In 1896, Valeriano Weyler was appointed head of Spanish forces and governor of Cuba. Weyler had previously studied the conflict in Cuba and was a staunch supporter to the idea that the rural population must be relocated for Spain to be victorious.

==History==
In the autumn of 1896, Weyler decreed that rural Cubans without approved agricultural activities must be moved into camps in fortified towns. All resources and land in the countryside were destroyed so as to not be used by the rebels, livestock was driven into cities, and trade with rural areas was prohibited. By the end of the year, the Cuban countryside was devoid of all common life except for warfare.

Within the camps, disease and starvation began to kill off many of the internees. Despite these horrors, Weyler continued their application.
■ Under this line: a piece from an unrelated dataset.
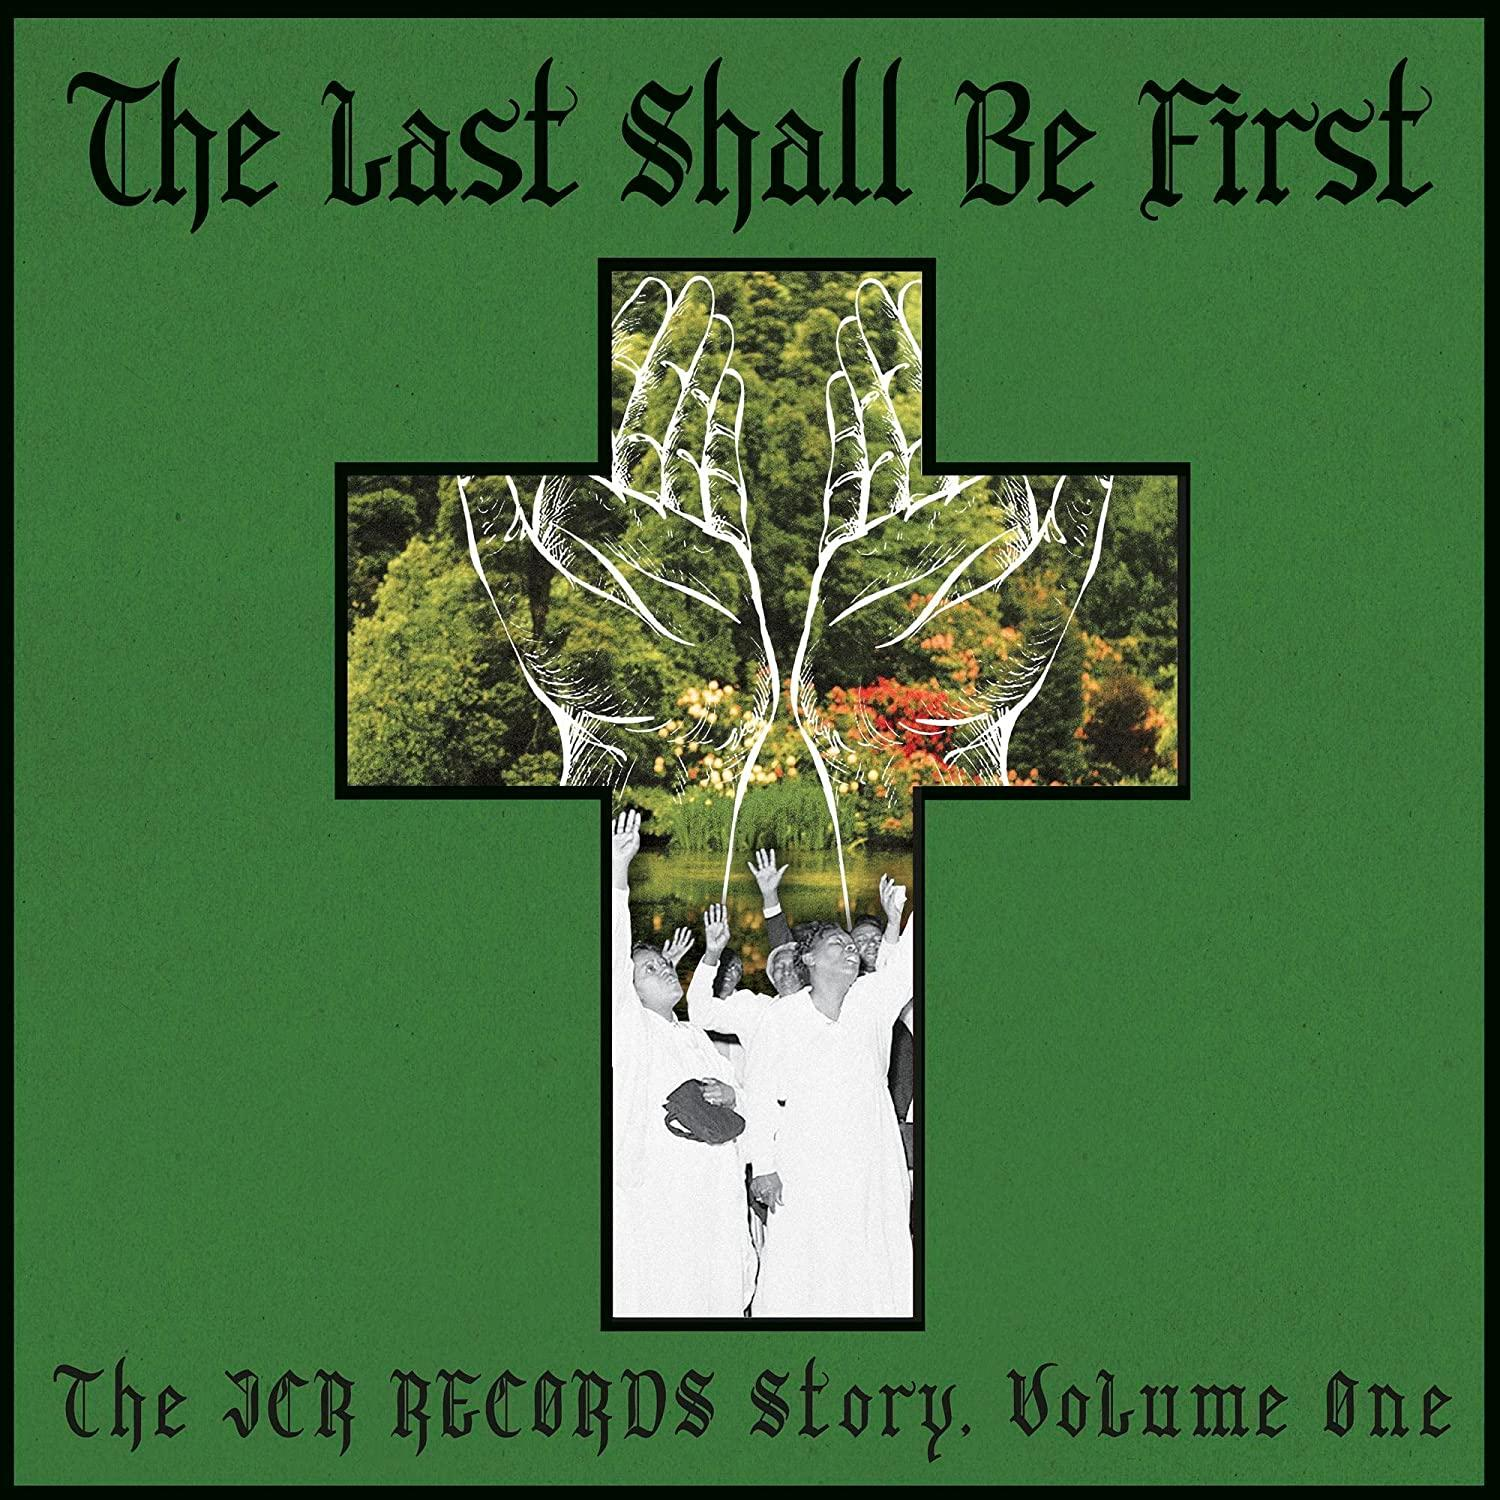 VARIOUS - LAST STORY (CD) FIRST: RECORDS JCR THE SHALL BE

== Breakdown of the reconcentration policy ==
The collapse of the reconcentration policy was caused by two events: the assassination of Spanish Prime Minister Antonio Cánovas del Castillo by the Italian anarchist Michele Angiolillo and media reports about the tragic situation in Cuba. The Spanish command in late 1897 decided to dismiss General Weyler and give the command to General Ramón Blanco—an opponent of the reconcentration policy. Blanco's administration pledged to send additional rations to Cuba and to assist in the resumption of plantation agriculture. The Spanish government allocated 100,000 US dollars for this purpose. General Blanco finally abolished Weyler's decree of reconcentration in March 1898.

== Bibliography ==
- Annette Becker, «LA GENÈSE DES CAMPS DE CONCENTRATION : CUBA, LA GUERRE DES BOERS, LA GRANDE GUERRE DE 1896 AUX ANNÉES VINGT», Revue d’Histoire de la Shoah, 2008/2 N° 189, pages 101-129, DOI : 10.3917/rhsho.189.0101, on line
- Alvar de La Llosa, «LES TECHNIQUES DE LA RECONCENTRACIÓN DE WEYLER AUX ORIGINES DU SYSTÈME CONCENTRATIONNAIRE COLONIAL ET DE LA RÉPRESSION MASSIVE CONTRE LES CIVILS», Revue d’Histoire de la Shoah, 2008/2 N° 189 | pages 131-176
- Andreas STUCKI, Las Guerras de Cuba. Violencia y campos de concentración (1868-1898), [2013], Madrid, La Esfera de los libros, 2017, 413 p.
- Jonathan Hyslop, "The Invention of the Concentration Camp: Cuba, Southern Africa and the Philippines, 1896–1907", South African Historical Journal, volume=63, number=2, date=2011-06-01,issn=0258-2473, doi=10.1080/02582473.2011.567359|lire en ligne=https://doi.org/10.1080/02582473.2011.567359, pages=251–276.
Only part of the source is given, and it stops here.